The Vaccine Book: Making the Right Decision for Your Child by Robert W. SearsWith the spate of publicity surrounding the possible health risks posed by childhood immunization, parents are no longer simply following doctors orders and automatically having their children vaccinated. Instead, they are asking questions. The problem is the search for answers only leads parents to conflicting, one-sided information: doctors claim that parents are endangering their childs life if they refuse shots, while radical vaccine opponents claim parents are endangering their childs life if they accept shots. With The Vaccine Book, parents finally have one, fair, impartial, fact-based resource they can turn to for answers. Each chapter is devoted to a disease/vaccine pair and offer a comprehensive discussion of what the disease is, how common or rare it is, how serious or harmless it is, the ingredients of the vaccine, and any possible side effects from the vaccine. Ultimately, parents will have to make their own informed decisions as Dr. Bob Sears is neither pro-vaccine nor anti-vaccine.

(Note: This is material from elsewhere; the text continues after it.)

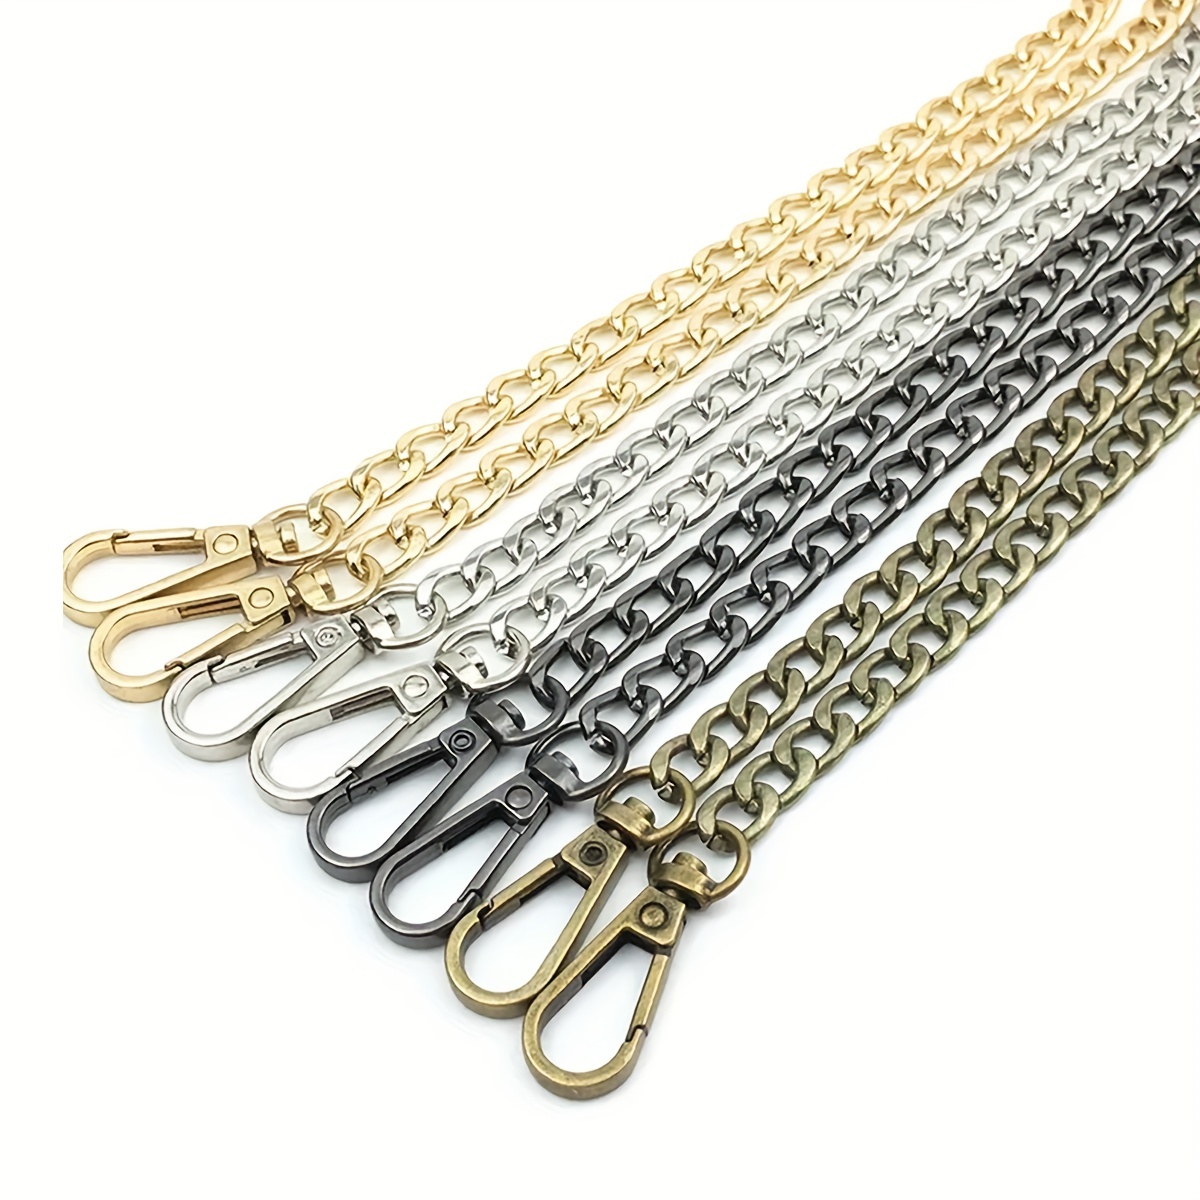 2 Pieces Handbag Chain Straps Replacement Strap Accessories Purse Handbag  Charms Chain Accessories Purse Clutches Handle Chains Decor with Clasp for

But The Vaccine Book will provide exactly the information parents want and need as they make their way through the vaccination maze.

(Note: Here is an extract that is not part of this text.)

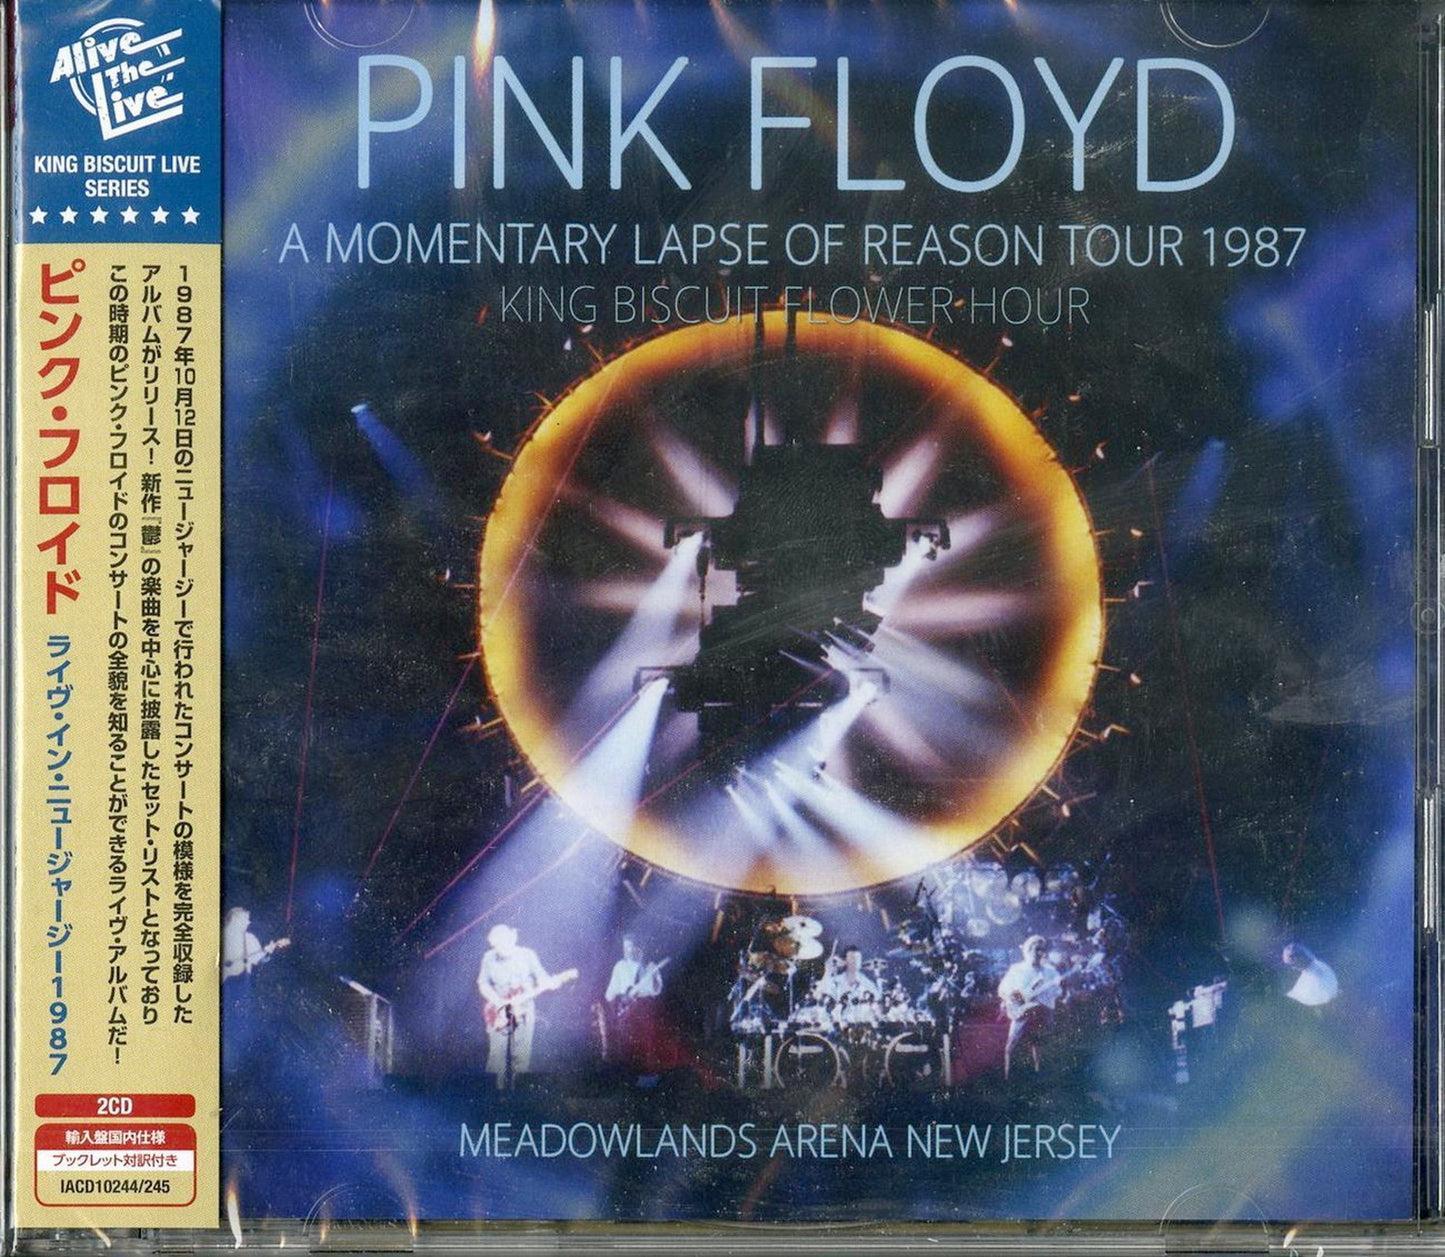 Pink Floyd - A Momentary Lapse Of Reason Tour 1987 King Biscuit Flower Hour - Import 2 CD

Childhood Vaccines: What They Are and Why Your Child Needs Them
How far should governments go to quell the measles threat, asks Tom Solomon. F ollowing a measles outbreak in Rockland County in New York State, authorities there have declared a state of emergency, with unvaccinated children barred from public spaces, raising important questions about the responsibilities of the state and of individuals when it comes to public health. Measles virus is spread by people coughing and spluttering on each other. The vaccine, which is highly effective, has been given with mumps and rubella vaccines since the s as part of the MMR injection. The global incidence of measles fell markedly once the vaccine became widely available. There is no such link, and Wakefield was later struck off by the General Medical Council for his fraudulent work. But damage was done and it has proved hard to reverse.
According to the World Health Organization, 2 to 3 million deaths are avoided each year, thanks to vaccinations. They also say that 1. These numbers are staggering and lend credibility to just how important vaccines are. Still, there has been debate over whether vaccines are actually safe and effective for preventing diseases like pertussis whooping cough , measles, and polio. Read on for more information about how vaccines work, which vaccinations you and your child need to stay healthy, where you can get them, and when you should. Your immune system is composed of organs, cells, glands, and fluids. The first time your body is exposed to a particular foreign substance, your immune system needs time to develop the antibodies that protect you from getting sick.
It either keeps microorganisms out or tracks them down and gets rid of them. However, some pathogens can overwhelm the immune system. When this happens, it can cause serious illness. Vaccinations are an important form of primary prevention. That means they can protect people from getting sick. Vaccinations have allowed us to control diseases that once threatened many lives, such as:. When enough people are vaccinated, it helps protect society.
Fortunately, we have sufficient data to help parents like you weigh the pros and cons. In one year, vaccines prevent more than 8, child hospitalizations in.
the 5 tibetan rites pdf
How do vaccines work?
Fortunately, we have sufficient data to help parents like you weigh the pros and cons. Vaccination saves lives. The primary benefit of vaccination is that it prevents disease. Immunization is considered one of the greatest public health achievements of the 20 th century, and experts agree that immunization is key to staying healthy. In one year, vaccines prevent more than 8, child hospitalizations in Colorado, 33, deaths in the U.